Consideration of haplotypes of candidate genes is the basis for an effective association study of complex diseases. A problem, however, arises because composite genotypes are the observed data. Haplotypes are not directly observed; they are estimated from genotype data. Generally, haplotypes are maximum likelihood estimates (MLE) established using, for example, an expectation-maximization (EM) algorithm. We implement a haplotype estimation method that considers pedigree structure and a partition-ligation procedure. If such estimated haplotypes are considered and analyzed as if they were directly observed data, without considering the phase uncertainly, inflation of the type I errors may occur and tests become anti-conservative. One solution is to use a likelihood approach to consider all possible haplotypes with their corresponding probabilities. Here we discuss an alternative approach using Monte Carlo testing, and introduce hapMC, a Java program, that performs such analyses. The key to the Monte Carlo procedure is to appropriately match the observed statistic and the simulated null statistics that form the null, such that a valid test of the correct size is maintained. This is achieved as follows: MLE haplotypes are established for the observed data, and the statistic of interest calculated, ignoring the phase uncertainty. Haplotype frequencies are estimated from the observed data as well and these frequencies are used to assign haplotypes to individuals (independent of case/control status). This generates a null configuration of haplotype data. The known phase is then ignored, considered as genotypes and MLE haplotypes are estimated for the null configuration. Again, the MLE haplotypes are estimated using the null data and the statistic of interest is calculated on the null data. Repeating, a null distribution is produced for testing the observed statistic against. Our program, hapMC, performs the necessary Monte Carlo procedure and EM estimates of haplotypes to provide valid haplotype tests for various standard association statistics, appropriately accounting for phase uncertainty. We also implement the use of pseudocontrols for the family-based data.
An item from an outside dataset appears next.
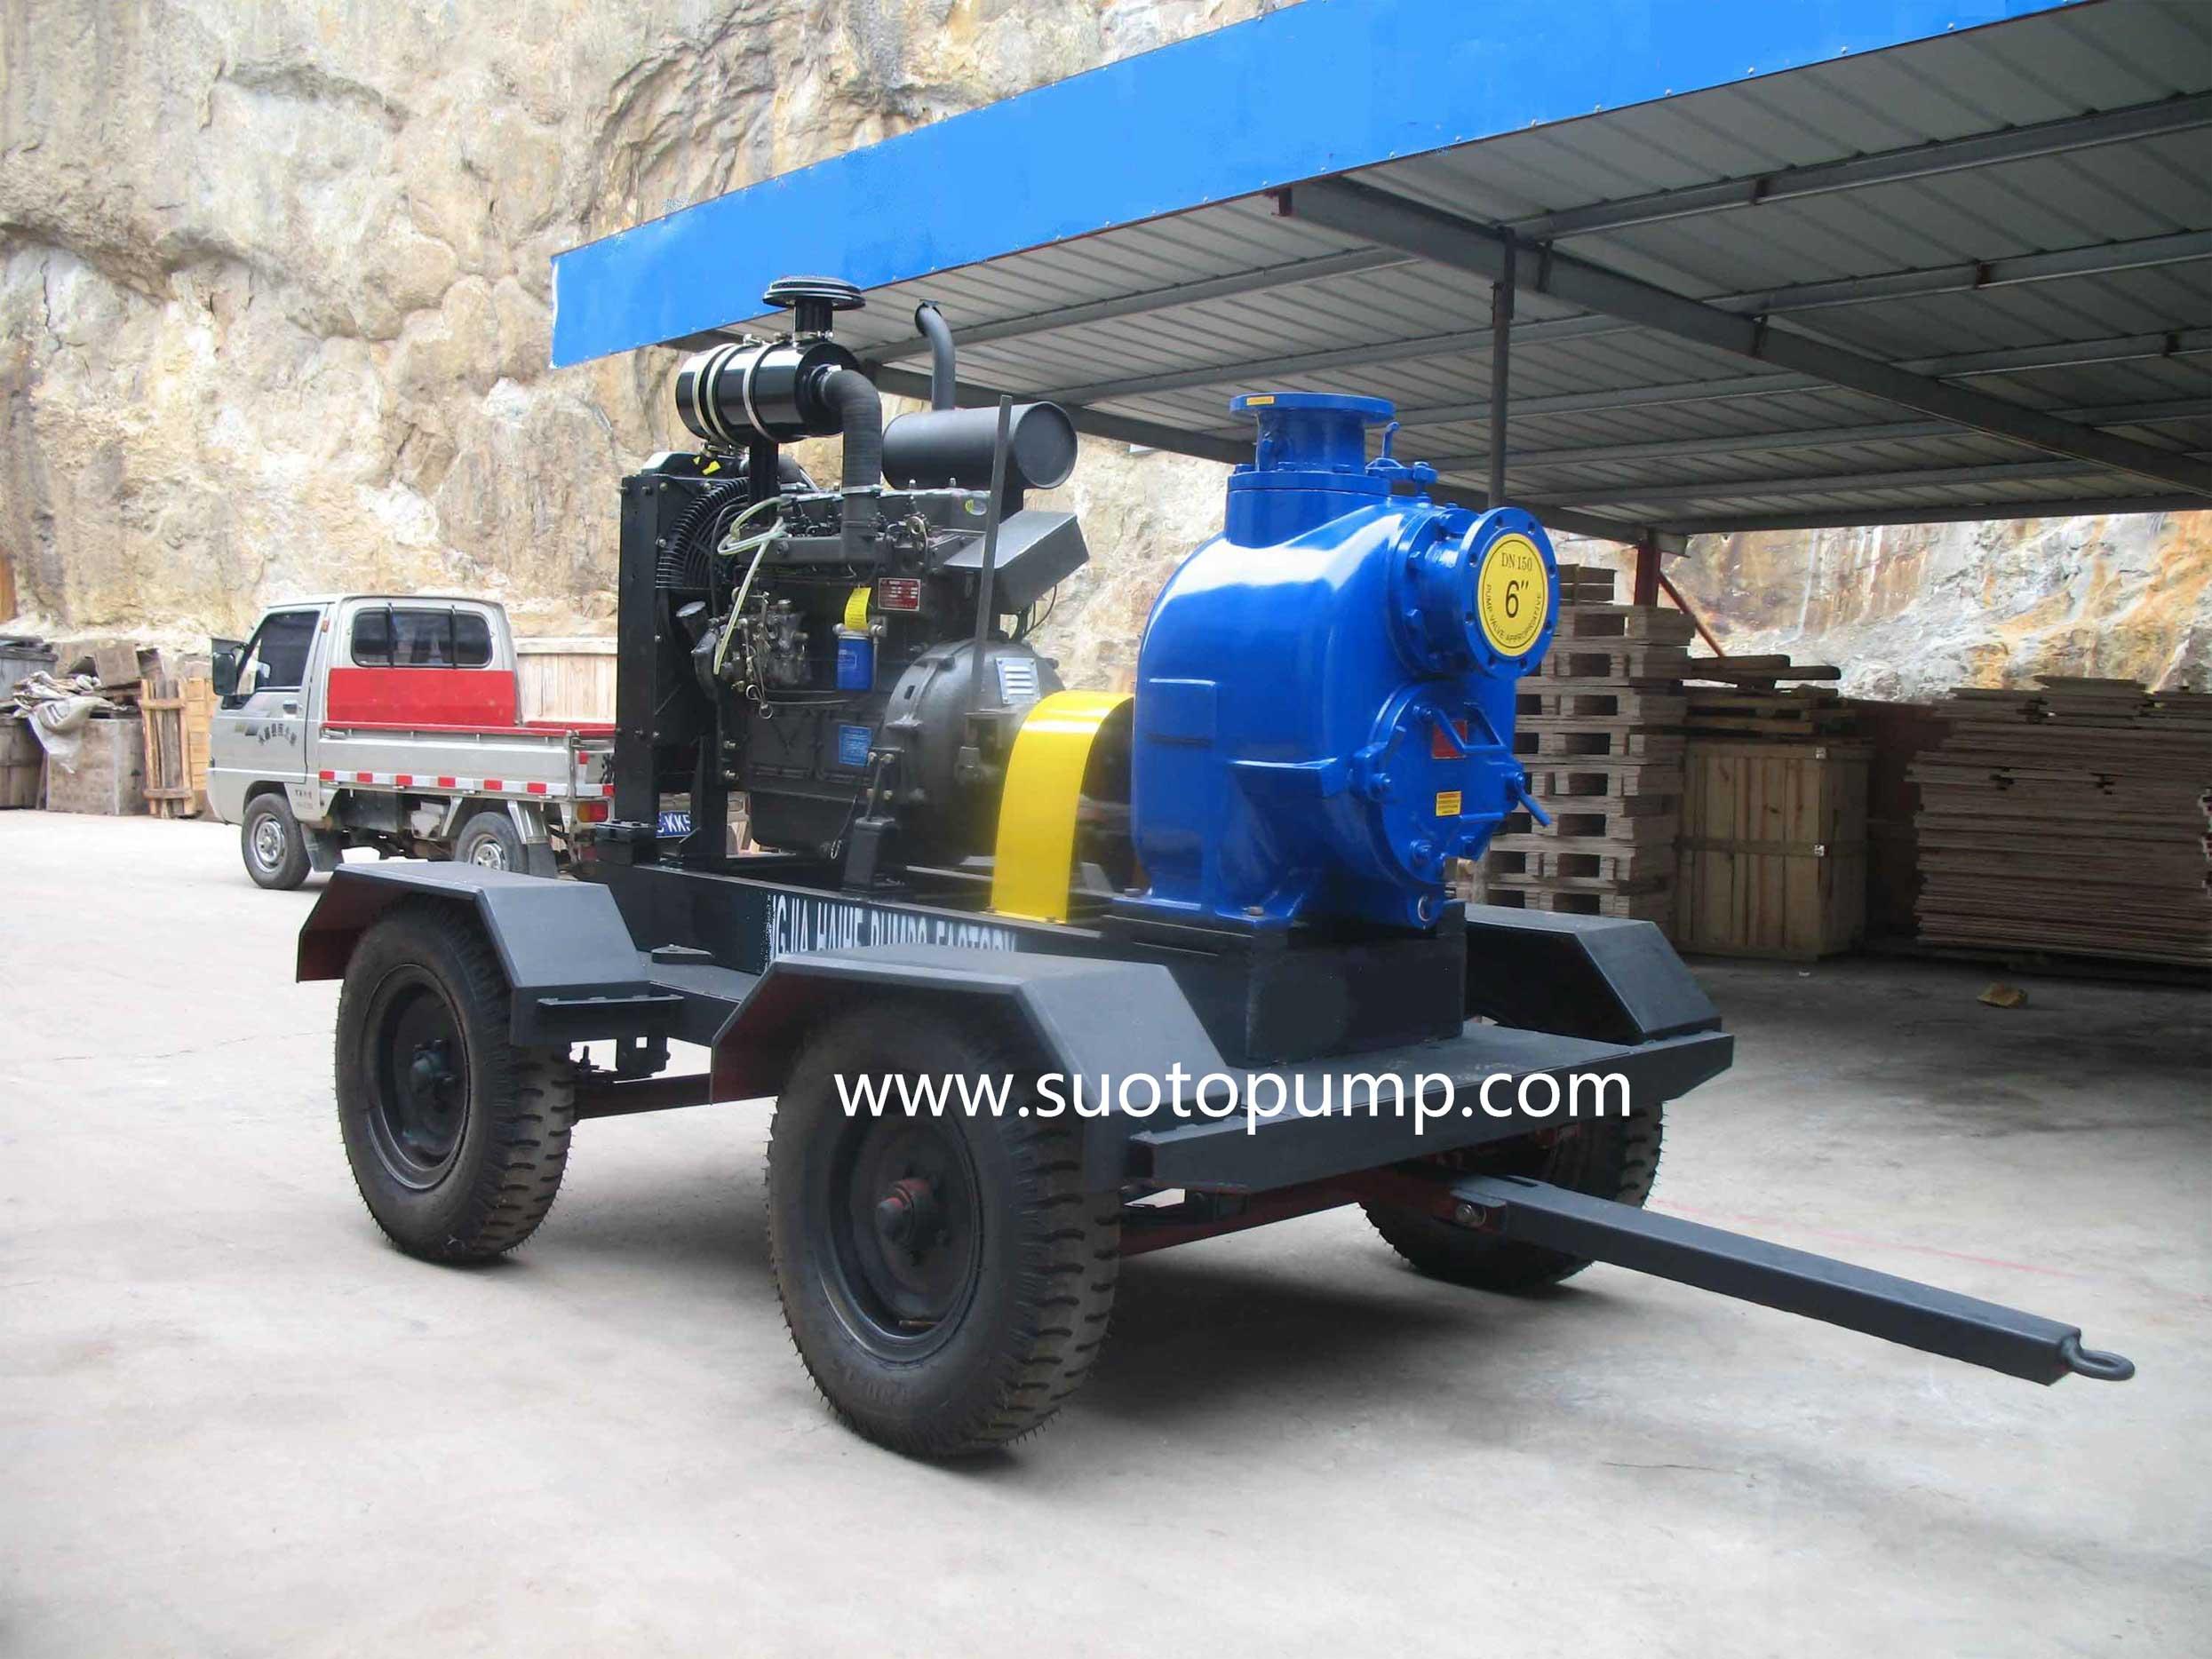 T Series Diesel Engine Self-priming Sewage Pump

|Instructions to run hapMC|
1. Java 1.6 JRE must be installed on your system (Download here)
- To check if Java is installed go to a command prompt and type java.
- To check the Java version installed go to a command prompt and type java -version.
2. Download hapmc.jar
3. Create .rgen and .dat files. Examples can be found here.
- Note that the .rgen and .dat files can be placed anywhere on your system, but precaution needs to be taken when specifying where they are located when you execute the program.
- In the simplest situation, the .rgen and .dat are in the same directory as the .jar files. In this scenario, the .rgen would have specify the .dat file as being in the same directory (i.e. genotypedata="GenotypeData.dat").
- The .dat file also should not contain any extra lines at the bottom. This will cause an error while the program is reading the data.
4. Go to the directory with Genie.jar and type java -jar hapmc.jar hapMC <.rgen file name> .
- If the .rgen file is in another directory, then it is necessary to specify that location in the command line.
1. Pedigree phase configurations output with posterior probabilities and haplotype estimates and poster.
- See examples for example output
- See rgen for explanation of parameters.
2. Mendelian inheritance error checking.
- Simple error checking for Mendelian inheritance discrepancies.
Running out of heap space?
- For larger datasets or use of large number of Monte Carlo simulations (i.e. 80,000 - 100,000) the default Java Virtual Machine (JVM) memory allocation may not be sufficient. In this case, more memory for the JVM can be allocated provided the system being used has the memory by using -Xms and -Xmx when executing the program. Example: java -Xms1024m -Xmx1536m -jar hapmc.jar hapMC <.rgen file name>. The example will allocate a maximum of 1.5 Gb and a minimum of 1 Gb of memory for the JVM to use while executing the program. The maximum amount of memory allocation for 32 bit systems is 2 Gb.